A four year drought in the Sierra Nevada mountains have been pure torture for California's splitboard community. This year's El Nino cycle has brought welcome rest-bite with a good snowpack and excellent touring conditions. Amplid homies Buell Steelman and Henning Schwalbe have been making most of the conditions and logging plenty of tours on their Amplid splits. Both converts to Amplid's lightweight carbon boards the touring partners have been accessing some terrain deep in the backcountry with relative ease. The "Three Drops" tour, a short day tour in the backcountry near Mammoth Lakes resort, named because of the three stage nature of the terrain, was the location of their last adventure. Here's a quick recount of teh tour and some photos from Buell:
"Henning came to town and had a pretty specific tour in mind that I call the “three drops tour”. It started with this line through the cliff and we proceeded to ride through the trees below the chute and down through the forest below. The snow was super fun, which was nice because just a few days before this tour we had 100 mph winds on the ridges and a lot of our chutes had very firm wind board and no powder.
We then skinned up and over Red Cone, the slope on the left side of the first photo below, and dropped the east face down to Crystal Lake. Once at the top of Red Cone, we dropped the backside (east side) down to Crystal Lake, riding sun softened winter snow.
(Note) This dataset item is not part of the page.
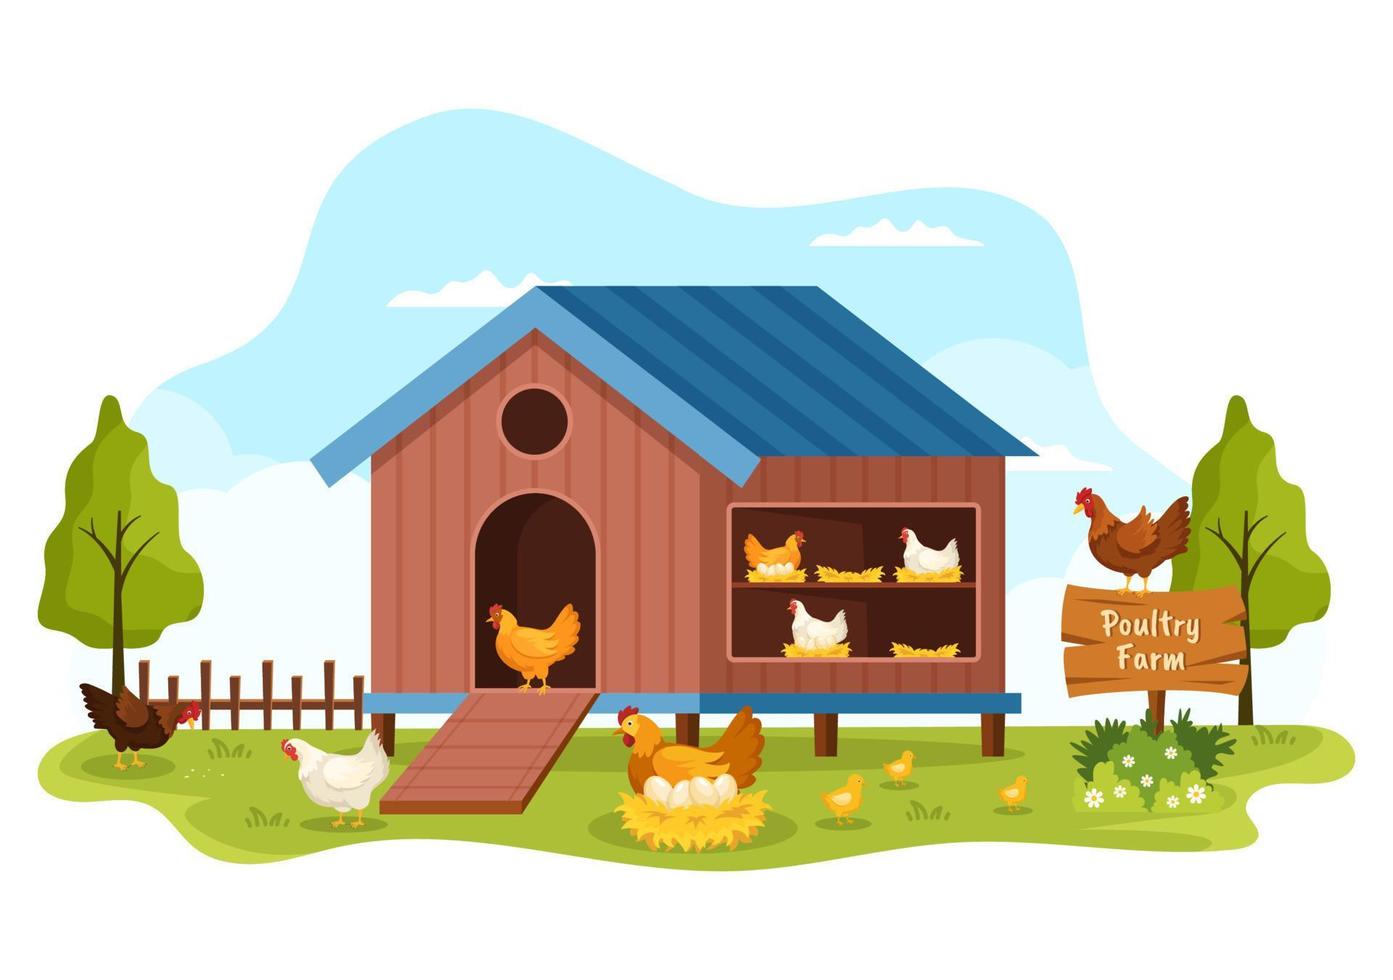 élevage de volailles avec agriculteur, cage, poulet et ferme d'oeufs sur fond de champ vert vue en illustration de modèle de dessin animé mignon dessiné à la main vecteur

When we got down to Crystal Lake, we skinned up to the bottom of Crystal Crag and dropped the snow slope below it down to Lake George. It was wind-pack at the top, then great powder down the main pitch.We were grinning ear to ear riding powder on the main 40 degree slope, it turned back to firm wind-pack. I was third and they were laughing their asses off when I hit the wind-pack at high speed because they had done the same thing. It took a bit of work to get things under control. We had been planning to ride the prominent snow field, cliff band line in the center of this photo, but it was not quite filled in enough to get through the cliffs."